Octacalcium phosphate crystals induce inflammation in vivo through interleukin-1 but independent of the NLRP3 inflammasome in mice




To determine the mechanisms involved in inflammatory responses to octacalcium phosphate (OCP) crystals in vivo.


OCP crystal–induced inflammation was monitored using a peritoneal model of inflammation in mice with different deficiencies affecting interleukin-1 (IL-1) secretion (IL-1α–/–, IL-1β–/–, ASC–/–, and NLRP3–/– mice) or in mice pretreated with IL-1 inhibitors (anakinra [recombinant IL-1 receptor antagonist] and anti–IL-1β). The production of IL-1α, IL-1β, and myeloid-related protein 8 (MRP-8)–MRP-14 complex was determined by enzyme-linked immunosorbent assay. Peritoneal neutrophil recruitment and cell viability were determined by flow cytometry. Depletion of mast cells or resident macrophages was performed by pretreatment with compound 48/80 or clodronate liposomes, respectively.

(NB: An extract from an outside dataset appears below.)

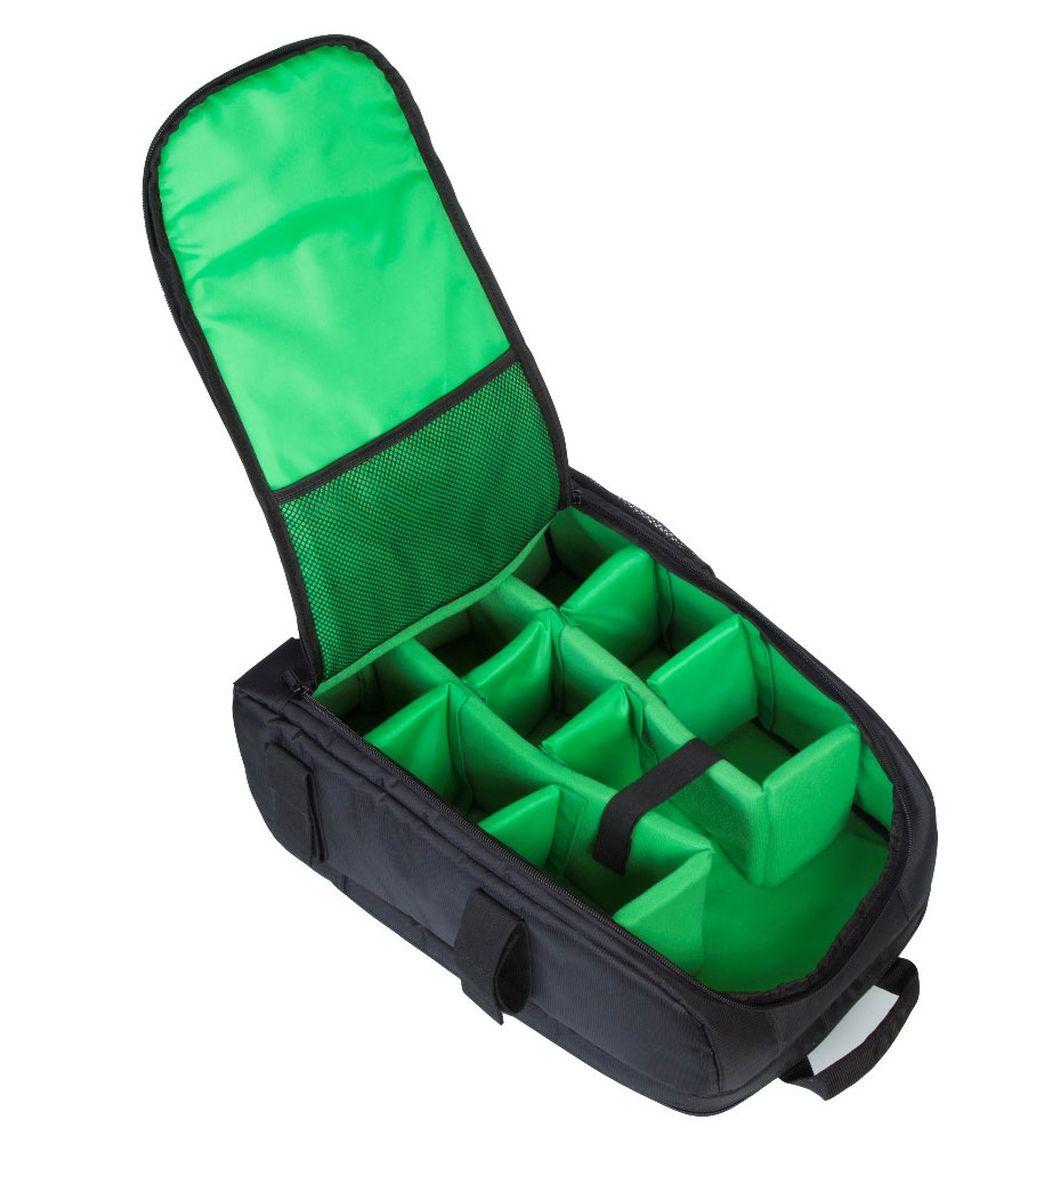 Riva 7490 SLR Backpack, Black рюкзак для зеркальной фотокамеры

OCP crystals induced peritoneal inflammation, as demonstrated by neutrophil recruitment and up-modulation of IL-1α, IL-1β, and MRP-8–MRP-14 complex, to levels comparable with those induced by monosodium urate monohydrate crystals. This OCP crystal–induced inflammation was both IL-1α– and IL-1β–dependent, as shown by the inhibitory effects of anakinra and anti–IL-1β antibody treatment. Accordingly, OCP crystal stimulation resulted in milder inflammation in IL-1α–/– and IL-1β–/– mice. Interestingly, ASC–/– and NLRP3–/– mice did not show any alteration in their inflammation status in response to OCP crystals. Depletion of the resident macrophage population resulted in a significant decrease in crystal-induced neutrophil infiltration and proinflammatory cytokine production in vivo, whereas mast cell depletion had no effect. Finally, OCP crystals induced apoptosis/necrosis of peritoneal cells in vivo.


These data indicate that macrophages, rather than mast cells, are important for initiating and driving OCP crystal–induced inflammation. Additionally, OCP crystals induce IL-1–dependent peritoneal inflammation without requiring the NLRP3 inflammasome.